2019 marked the end of the multiple currency system in Zimbabwe. The country reintroduced its native dollar with a new system to avoid the hyperinflation of the past. Moving forward from 2020, the Reserve Bank of Zimbabwe adopted a managed float exchange rate system. Although the currency still faces fluctuation, it is nothing like the 500 billion percent inflation rate pre-2016.
Attribution: Inside Business
Retail forex traders in Zimbabwe have a refreshed opportunity to participate in the global financial markets. The Securities and Exchange Commission of Zimbabwe (SECZ) says very little of regulation in the retail trader space, but Zimbabwean investors can still take advantage of brokers regulated through neighbor entities.

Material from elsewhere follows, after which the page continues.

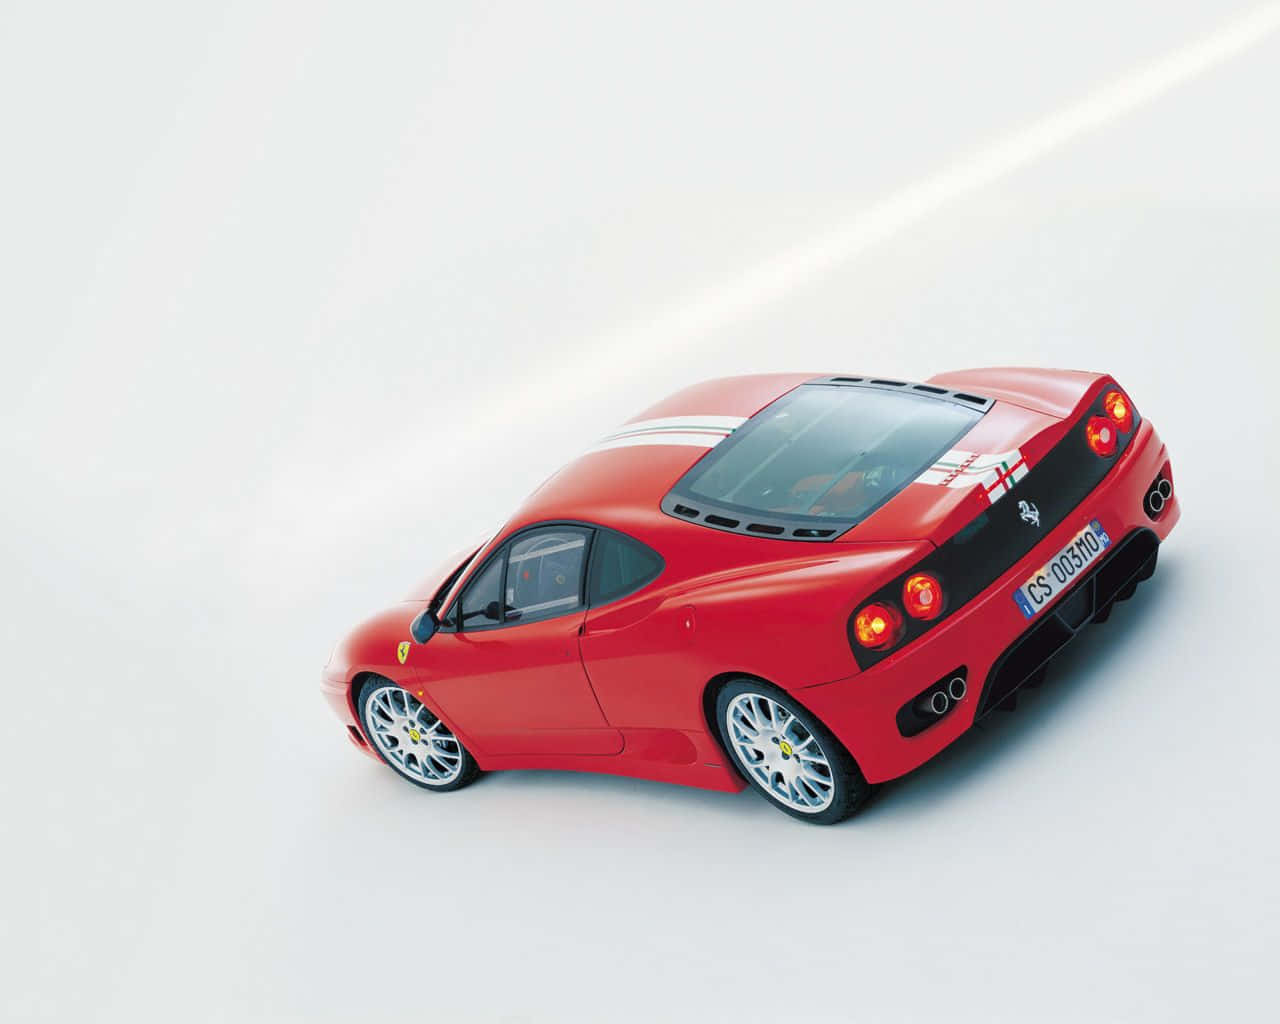 Ferrari 360 Modena 1280 X 1024 Wallpaper Wallpaper
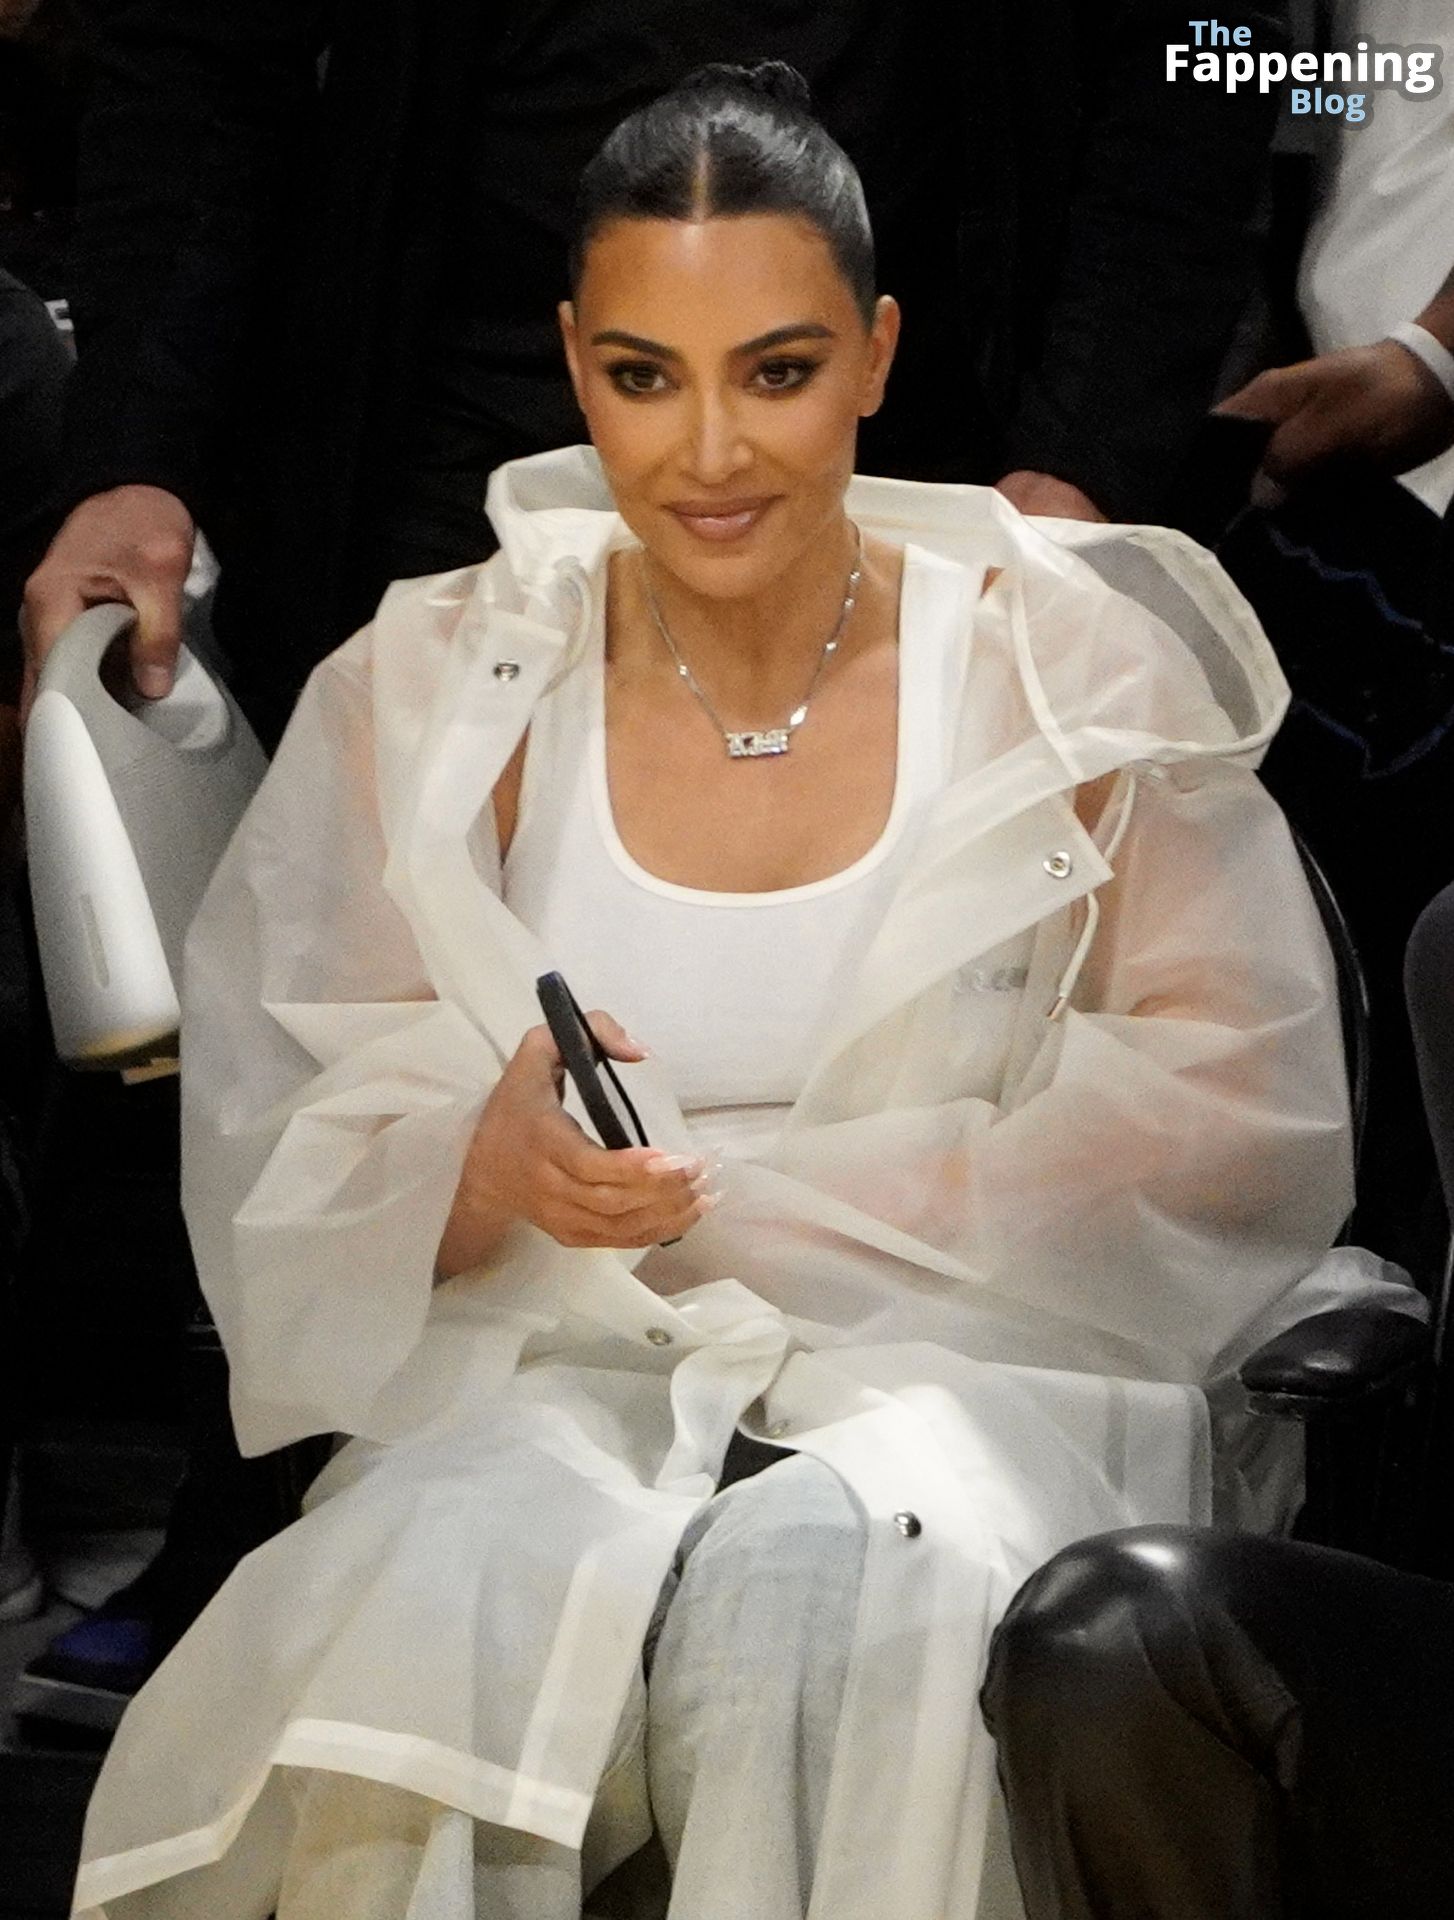 Kim-Kardashian-Sexy-The-Fappening-Blog-5-1.jpg

Get Started with Forex in Zimbabwe
The international forex market can be a great opportunity for Zimbabweans looking to stabilize and grow their financial portfolios. As with any kind of investing, a certain amount of skill is a must — no profit is guaranteed. The lack of government oversight forces successful traders to be much more diligent in protecting their investment.
Getting started with forex in Zimbabwe means setting yourself up for success. Here are the steps to follow:
- Get a good Internet connection. Forex trading is often based on timing, and it’s definitely an advantage to have real time updates to news and financial charts. You need a strong Internet connection to receive this information and execute trades in a timely fashion.
- Choose your broker. Regulated international brokers service the Zimbabwe market through the Cyprus Securities and Exchange Commission (CySEC), the Financial Services Commission of the Republic of Mauritius (FSC), the Financial Conduct Services of the Republic of South Africa (FSP), the Financial Conduct Authority of the United Kingdom (FCA), the Dubai Financial Services Authority (DSA) and the Seychelles Financial Services Authority (FSA).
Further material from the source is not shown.